With Trinities welcome IPC increase and superior performance per watt in the mobile space, not to mention far superior graphics, at least they have something to grow their business in that area.

With SBE's superior IPC and headroom, and IVB's superior performance per watt and impending movement into the mobile space, there is plenty going on.


I'd like to finish by saying attacks against other users will not be tolerated ... please focus on the issue, situation, or behaviour that is presented ... not on the person.

Attacks against a user will be dealt with accordingly ... attacks where a number of users "join in" will result in aforsaid receiving same punishement the original offender receives.

If other users (in the last three pages) feel they want to edit their posts, then please do so ... it might be a good idea after my cursory glance today.

I'll check back later ...

:)
 
www.fudzilla.com/home/item/27235-amd-says-“enough”
AMD says “enough”
"AMD claims that users have all the processing power they need and if they want more then let them eat cake."

Reminds me of a long time ago when a certain CEO said most people wouldn't need more then 4GB of RAM (implying they also wouldn't need 64 bit CPU's) until 2007. That went over like a lead balloon on here. People do not like to be told what they should or shouldn't want.

If fudzilla's article is anywhere near correct, it means AMD won't be focusing on CPU enhancements in the near future - at least not for the laptop market.
 
www.fudzilla.com/home/item/27235-amd-says-“enough”
AMD says “enough”

Meh. Makes sense to me.

If you want/need a processing monster, buy Intel.
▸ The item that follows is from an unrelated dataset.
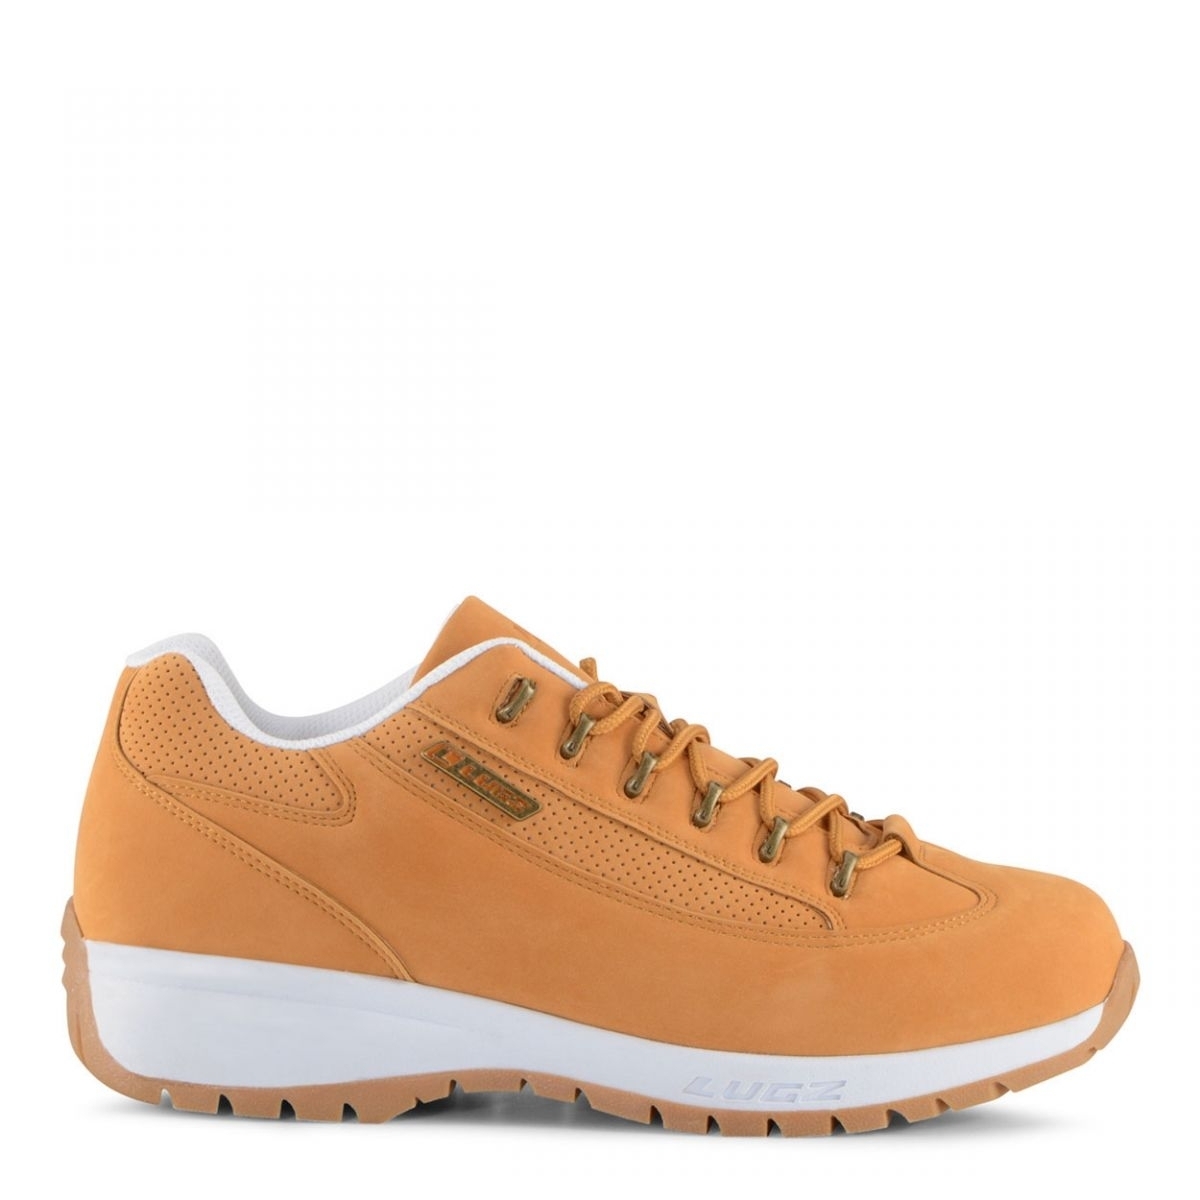 Lugz Men's Express Sneakers Golden Wheat/White - MEXPRSPK-714 Golden Wheat/White/Gum - Golden Wheat/White/Gum, 10

If you fall anywhere even close to the realm of "average user," what more could you possibly need right now?

That said, I do agree that it is a silly move PR-wise.
 
I would ask the users in this thread to please refrain from any personal attacks. Any negative comment, direct or indirect targeting another user is in violation of the rules of conduct. Any breach of civility in this lively thread will be met with extreme sanction. I appreciate your cooperation.
 
www.fudzilla.com/home/item/27235-amd-says-“enough”
AMD says “enough”

Hahaha, this was taken out of context so bad...

This is just the confirmation of Mr. Read saying a while back "we will get out of the performance race". That's exactly what AMD did with Trinity. They only need improvements on their BD arch to get a "good enough" product and get OEMs. Notice Intel actually followed AMD in that regard. Why would Intel want to create QS and put a beefier GPU in ther CPUs? AMD was right in that call and Intel recognized it. This is in a business sense only, off course. Intel still has the upper hand in budget and process, like I've always said, they can turn the tables in no time (and they actually are with IB, somewhat).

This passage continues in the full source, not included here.